Task objective: Copy, word for word, the lines of the listing below from the line with "Книга La Chèvre" up to and including the line with "TE-9 epithelioid cells人食管癌细胞系". Drop the pictures.

Provided records:
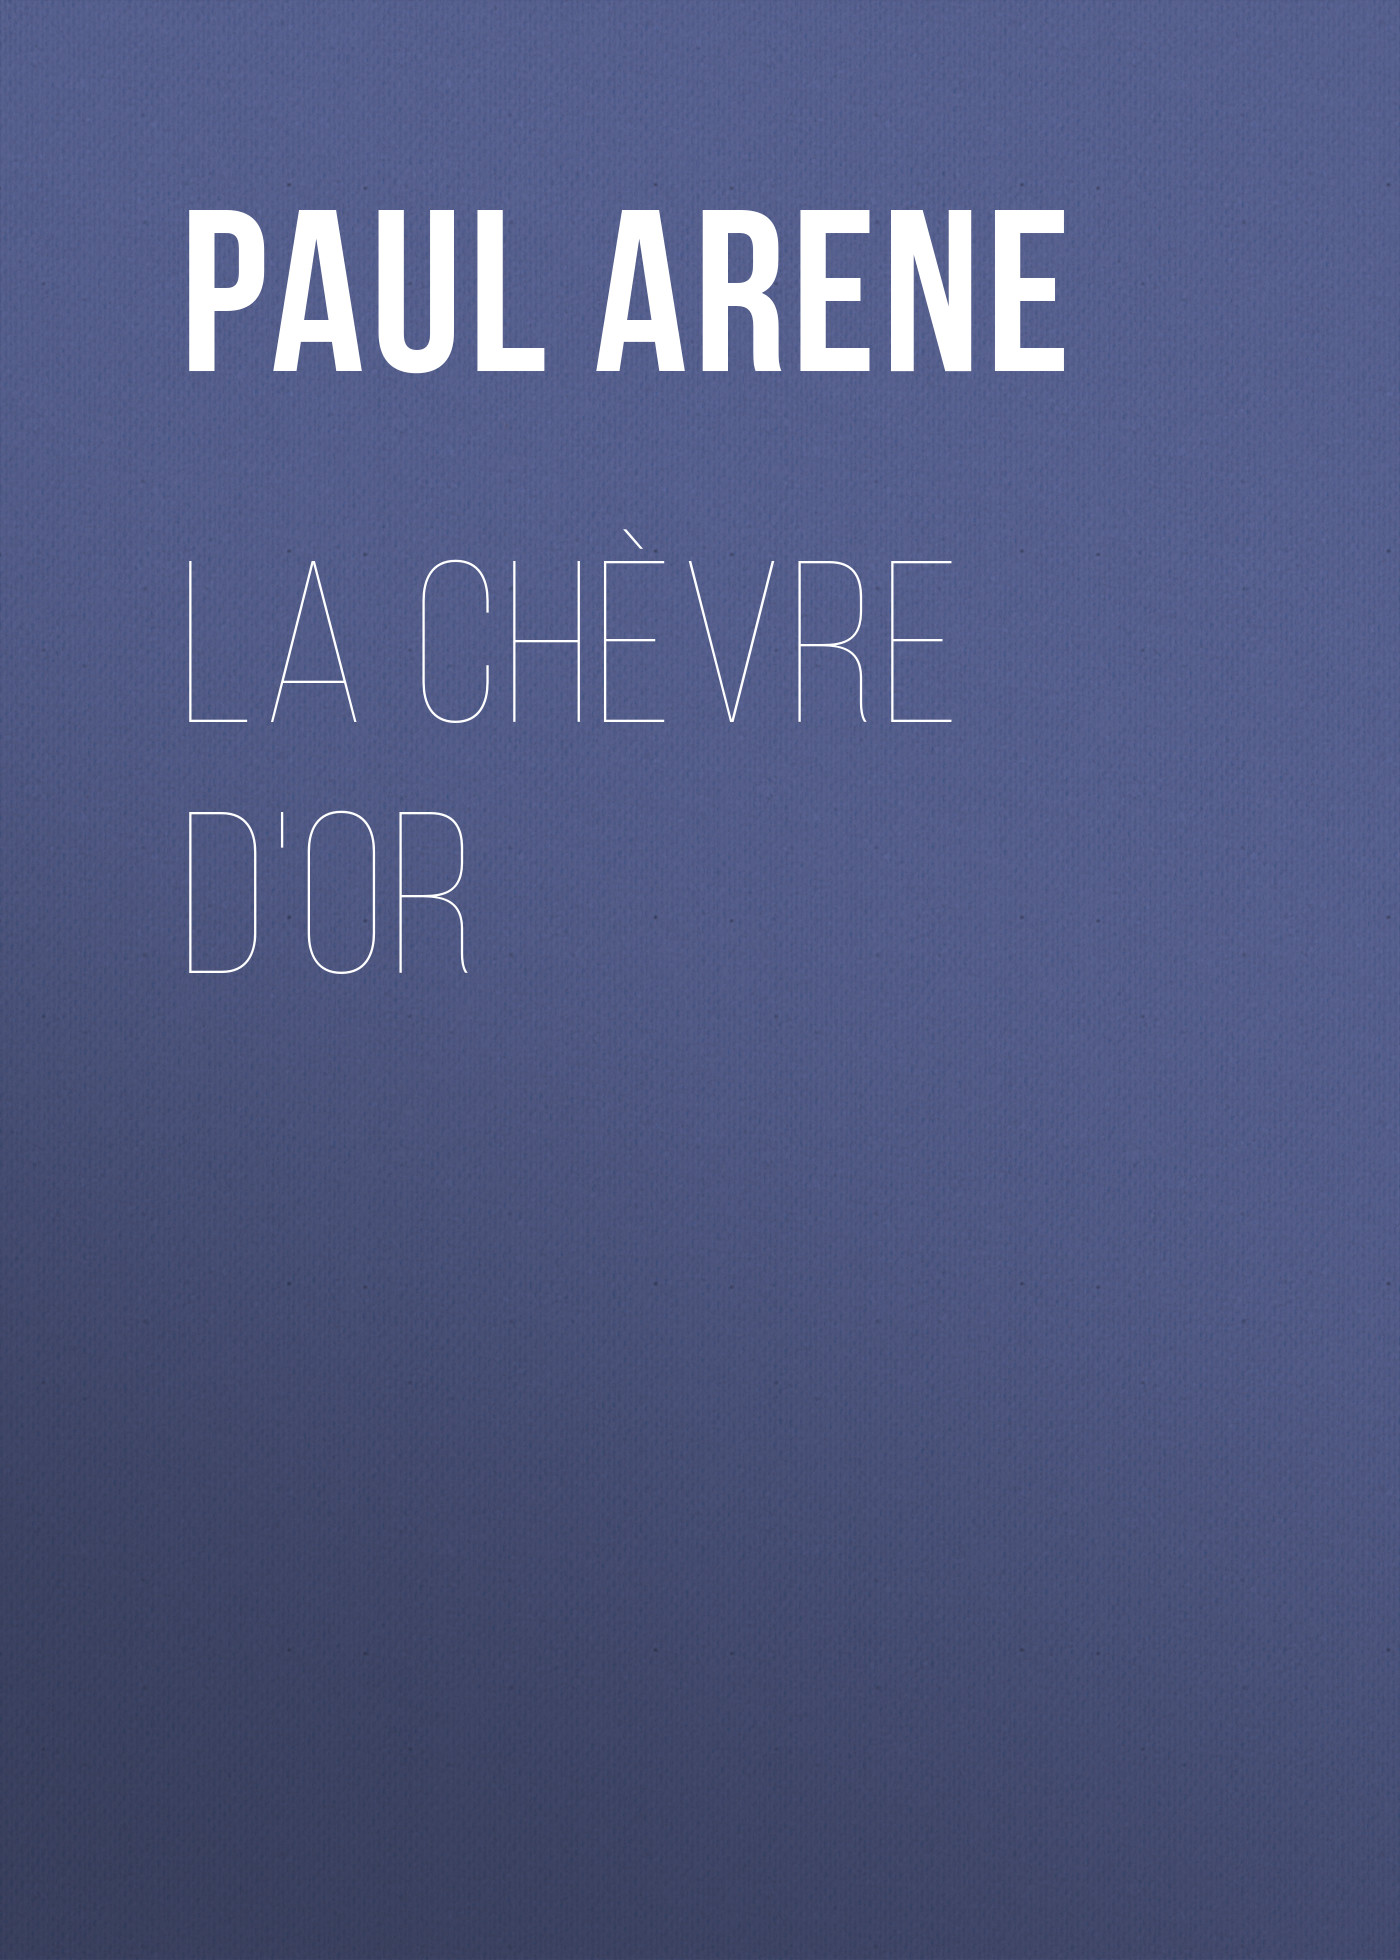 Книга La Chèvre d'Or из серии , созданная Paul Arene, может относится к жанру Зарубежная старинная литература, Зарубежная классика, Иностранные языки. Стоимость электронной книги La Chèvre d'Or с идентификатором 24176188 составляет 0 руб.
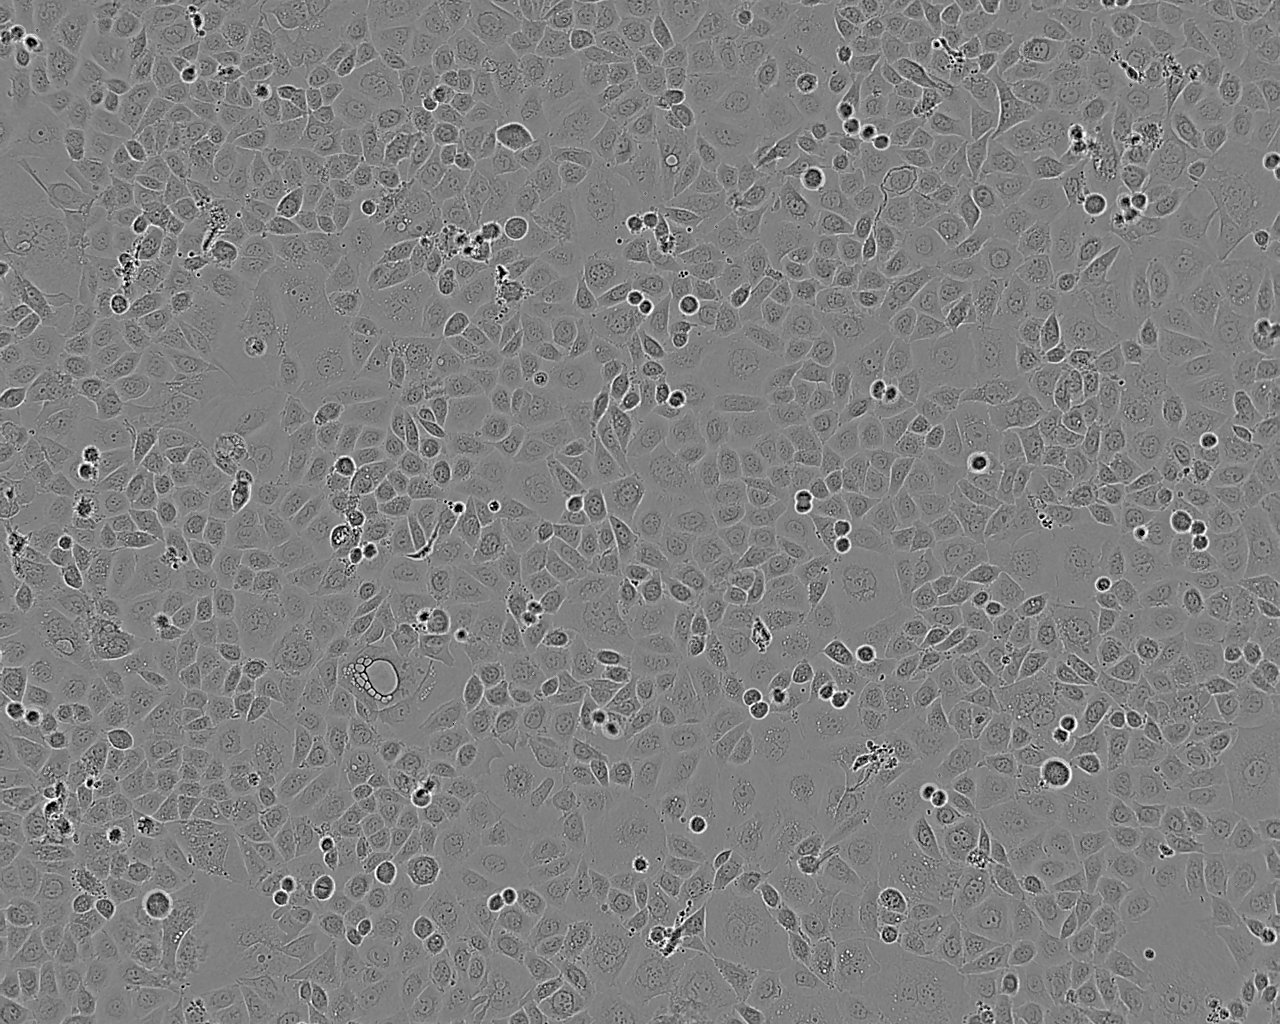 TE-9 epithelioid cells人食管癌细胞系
---
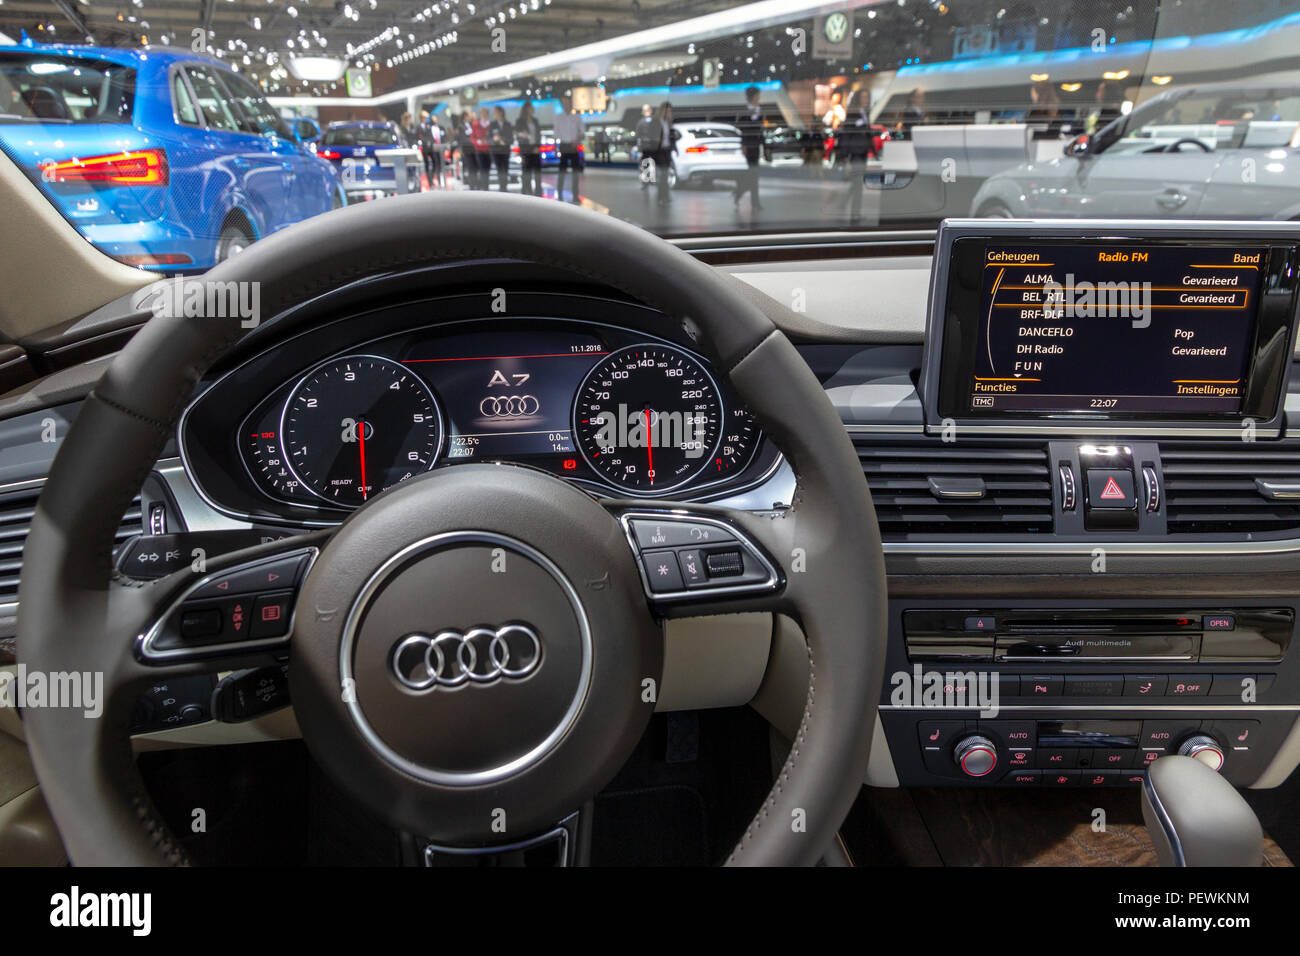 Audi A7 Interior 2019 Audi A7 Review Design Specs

Completed exercise:
 Книга La Chèvre d'Or из серии , созданная Paul Arene, может относится к жанру Зарубежная старинная литература, Зарубежная классика, Иностранные языки. Стоимость электронной книги La Chèvre d'Or с идентификатором 24176188 составляет 0 руб.
 TE-9 epithelioid cells人食管癌细胞系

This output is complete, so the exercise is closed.